IF 9.5 2区 医学 Q1 BIOCHEMISTRY & MOLECULAR BIOLOGY Pub Date : 2024-06-14 DOI: 10.1038/s12276-024-01251-w
Seo-Won Choi, Jin-Wu Nam
Circular RNAs are an unusual class of single-stranded RNAs whose ends are covalently linked via back-splicing. Due to their versatility, the need to express circular RNAs in vivo and in vitro has increased. Efforts have been made to efficiently and precisely synthesize circular RNAs. However, a review on the optimization of the processes of circular RNA design, synthesis, and delivery is lacking. Our review highlights the multifaceted aspects considered when producing optimal circular RNAs and summarizes the available options for each step of exogenous circular RNA design and synthesis, including circularization strategies. Additionally, this review describes several potential applications of circular RNAs.

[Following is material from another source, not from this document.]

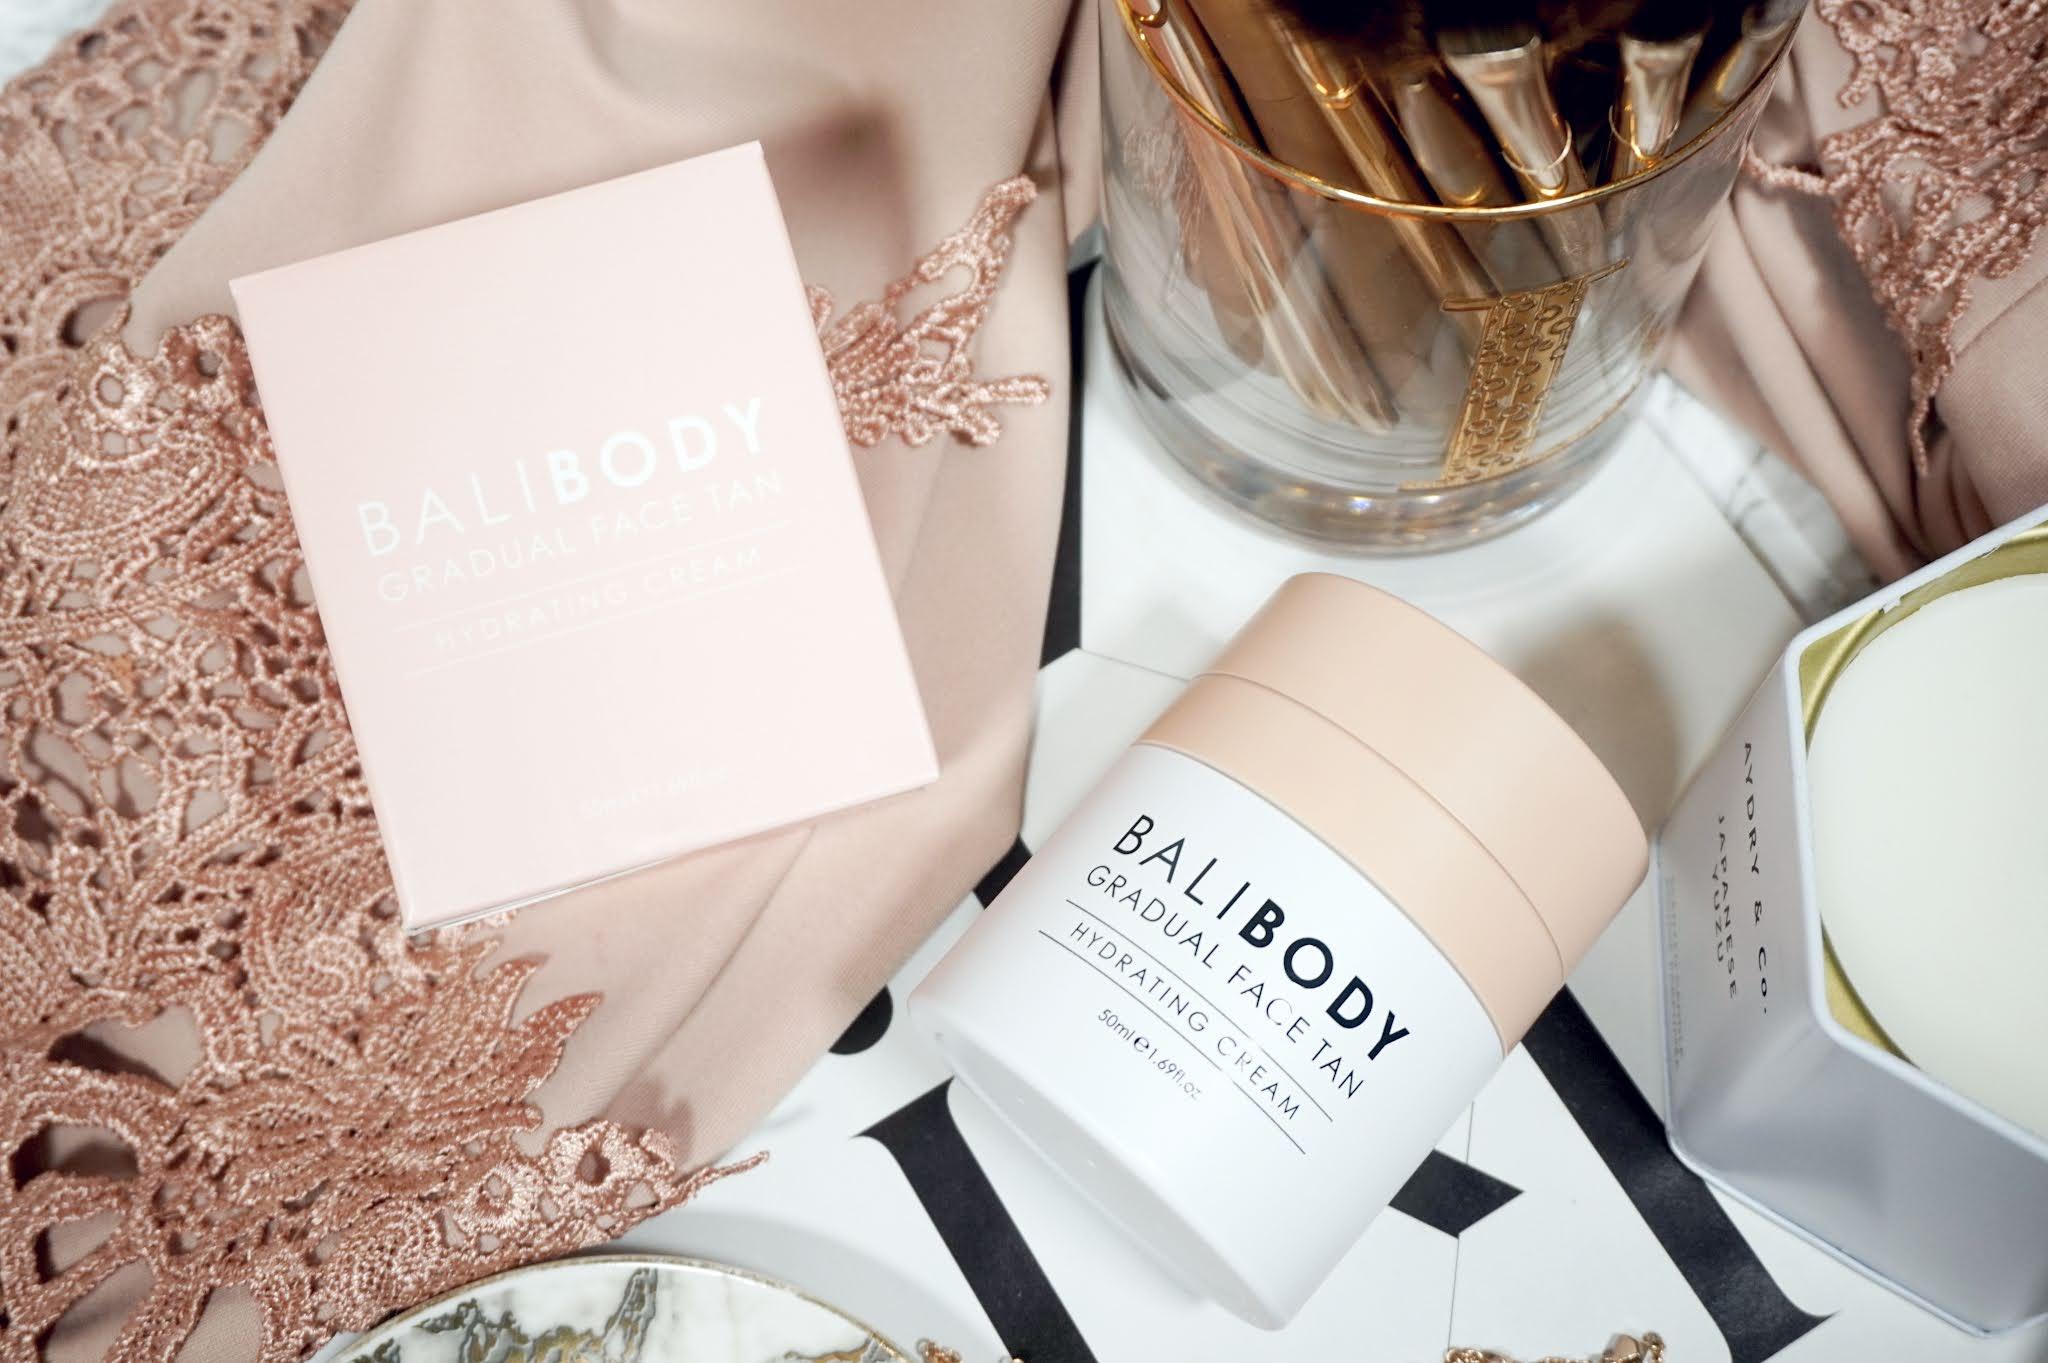 Bali Body Gradual Face Tan Review

Circular RNAs were once considered errors in splicing. However, we now understand that circRNAs are common and play roles in health and disease, including potential use in creating vaccines. This review examines ways to create and use circRNAs, with a focus on improving their creation and delivery for medical purposes. They discuss various methods, including using natural and synthetic elements to enhance circRNA formation and stability. The main findings suggest that improving the creation and delivery of circRNAs could greatly enhance their medical potential. Researchers conclude that with more development, circRNAs could become powerful tools in gene therapy and vaccine creation, offering new ways to treat diseases. The future implications of this research could transform how we approach disease treatment and vaccine creation, making therapies more effective and long-lasting. This summary was initially drafted using artificial intelligence, then revised and fact-checked by the author.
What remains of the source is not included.